= August Fischer =

German orientalist and philologist (1865–1949)

August Fischer (14 February 1865 in Halle an der Saale - 14 February 1949 in Leipzig) was a German orientalist.

From 1883 to 1889 he studied theology and Oriental philology at the universities of Berlin, Marburg and Halle, receiving his doctorate with a thesis on the source biographies of Ibn Ishaq, Biographien von Gewährsmännern des Ibn Ishaq. In 1890 he obtained his habilitation for Oriental philology at the University of Halle, and several years later became an associate professor in Berlin. From 1900 to 1930 he was a full professor of Oriental philology at the University of Leipzig, where in 1914/15 he served as dean to the faculty of philosophy. For several years he was secretary of the philological-history group at the Saxon Academy of Sciences of Leipzig (1926–32).

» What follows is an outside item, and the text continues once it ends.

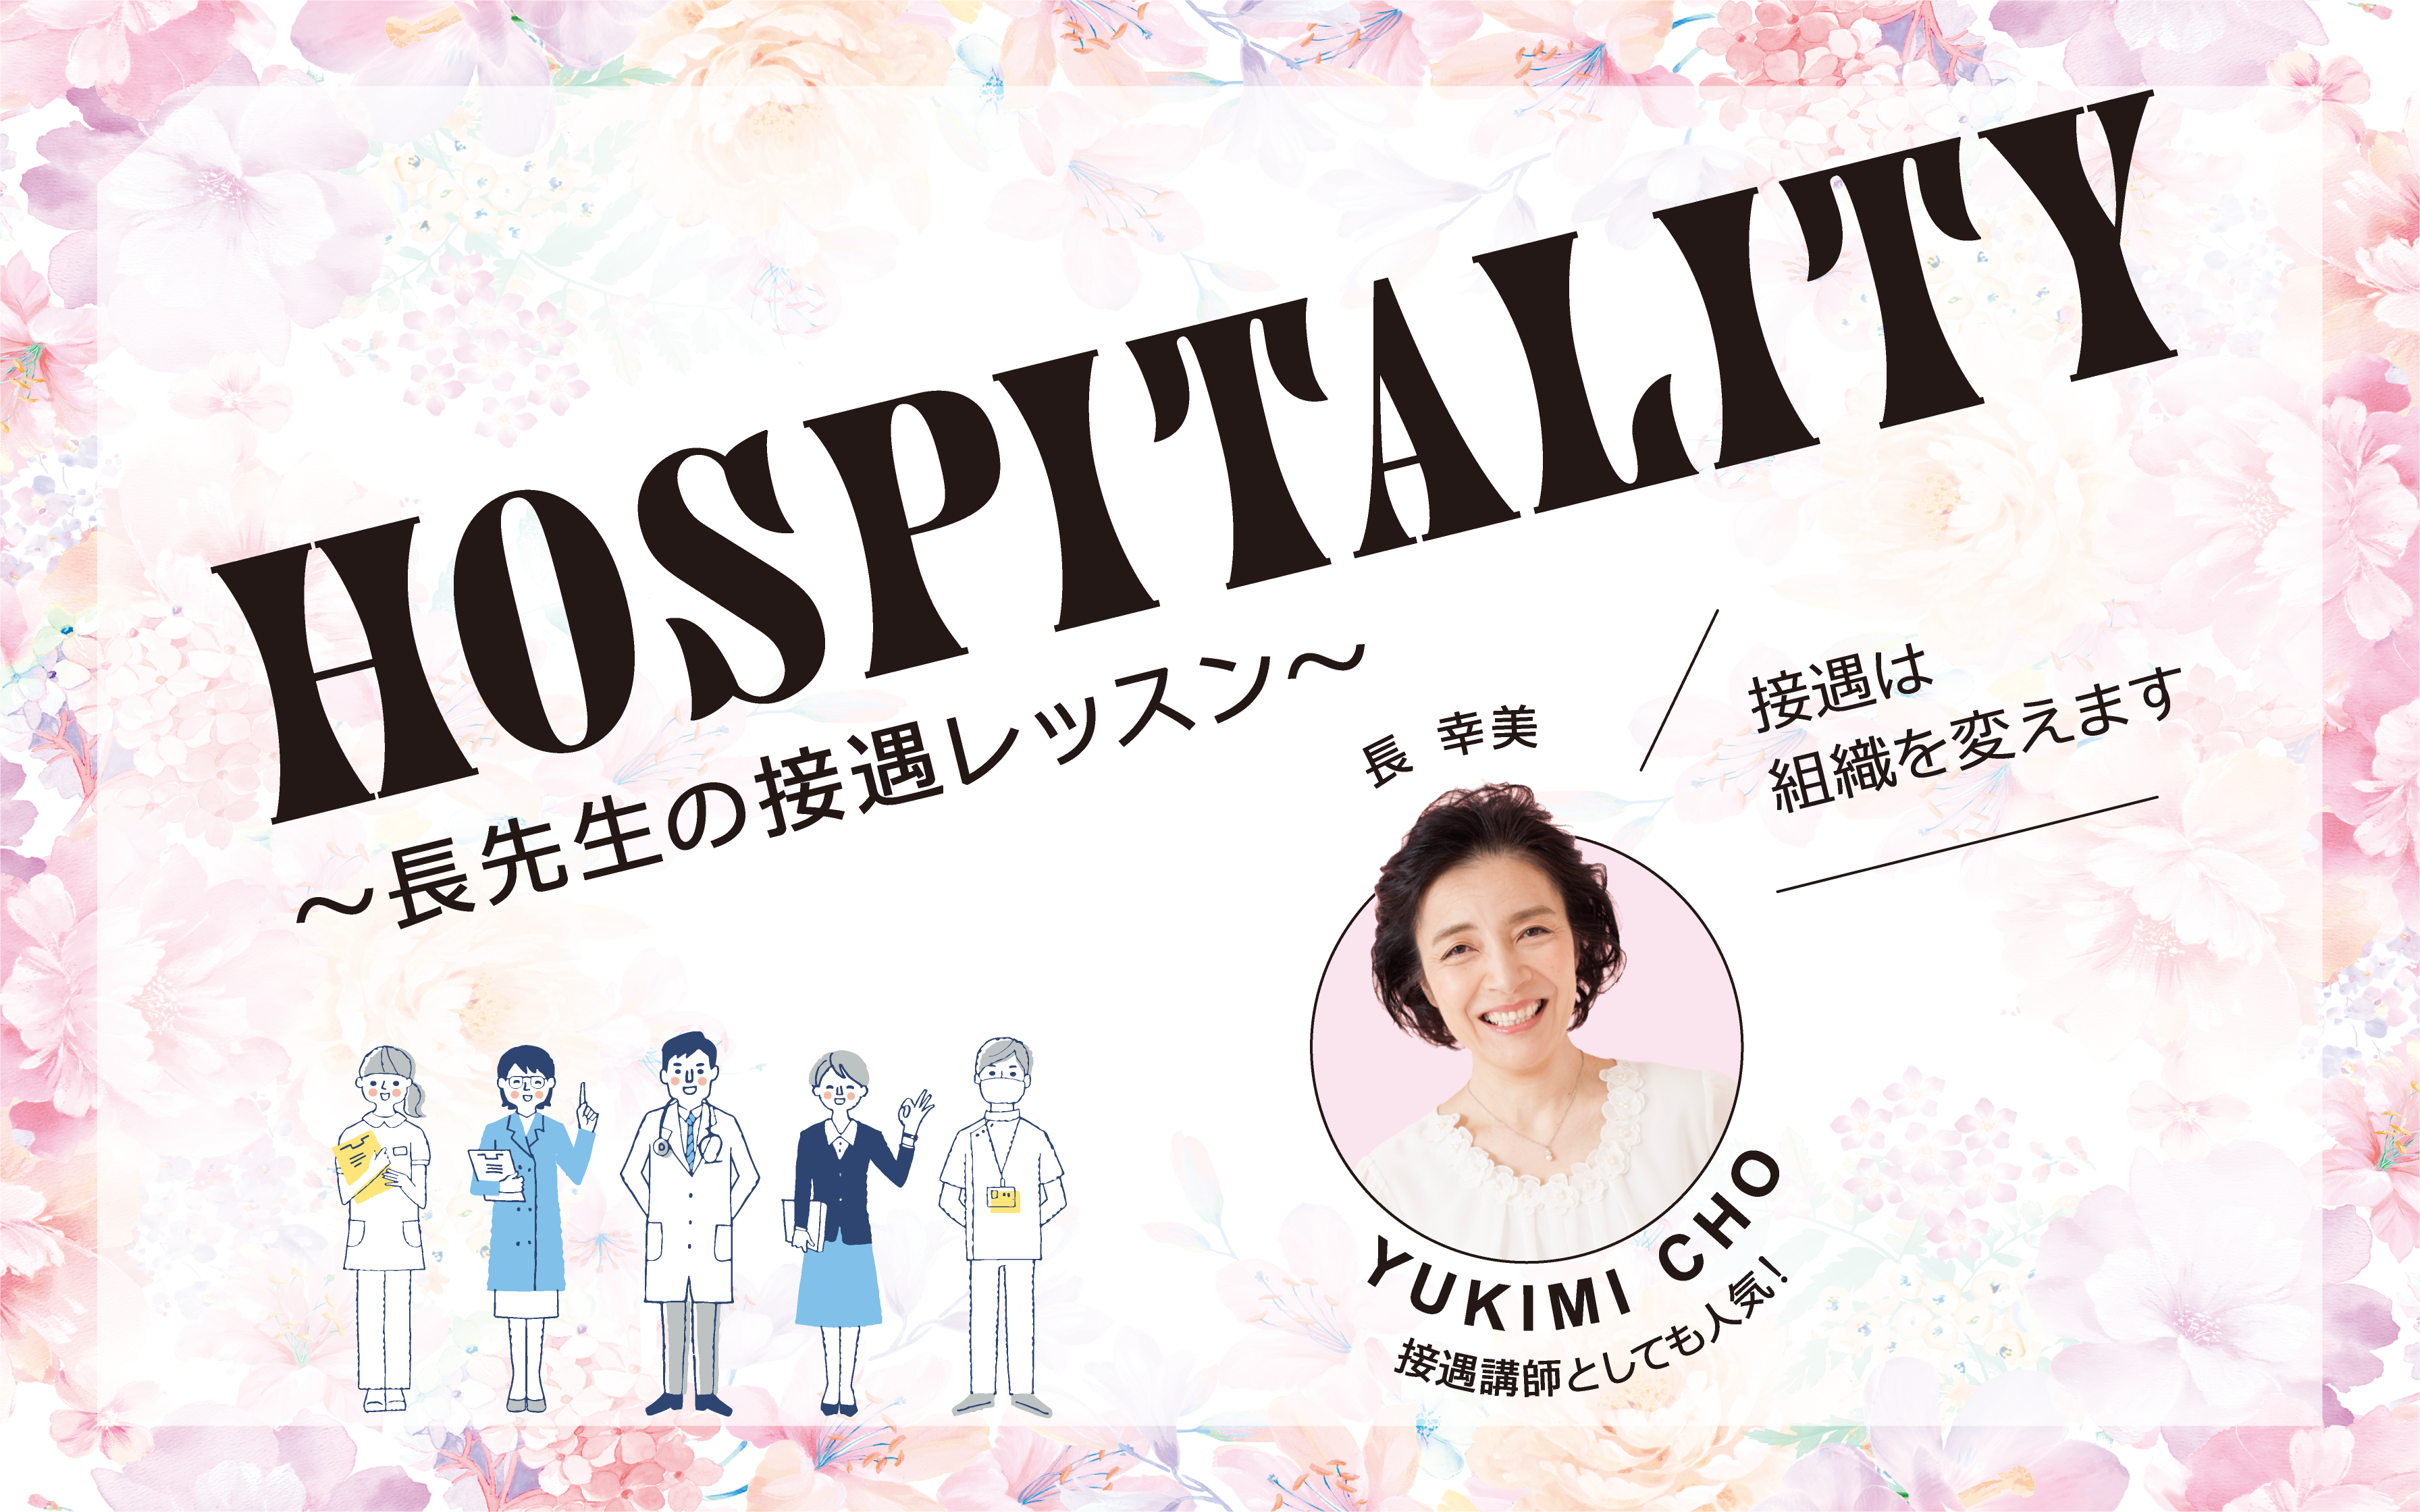 You are currently viewing HOSPITALITY 〜長先生の接遇レッスン〜 VOL.27　一年の計は元旦にあり〜人に会う機会が多いからこそ〜

He was a member of the Academy of the Arabic Language in Cairo and he contributed his notes for the development of Al-Mu'jam al-Kabir, the academy's project for a historical dictionary of Arabic.

== Published works ==
With Rudolf Ernst Brünnow, he was author of the highly acclaimed Arabische Chrestomathie aus Prosaschriftstellern (6h edition, 1953), an Arab chrestomathy translated into English and published with the title Chrestomathy of classical Arabic prose literature (2008). He was also an editor of the periodicals Zeitschrift der Deutschen Morgenländischen Gesellschaft (Journal of the German Oriental Society) and Islamica (1925–35; a journal for the study of languages and cultures of Islamic peoples). Among his other numerous writings were Die indirekte Rede im Altfranzösischen (Indirect speech in Old French, 1900) and the necrology for orientalist Christoph Ludolf Ehrenfried Krehl (Nekrolog auf Ludolf Krehl, 1901).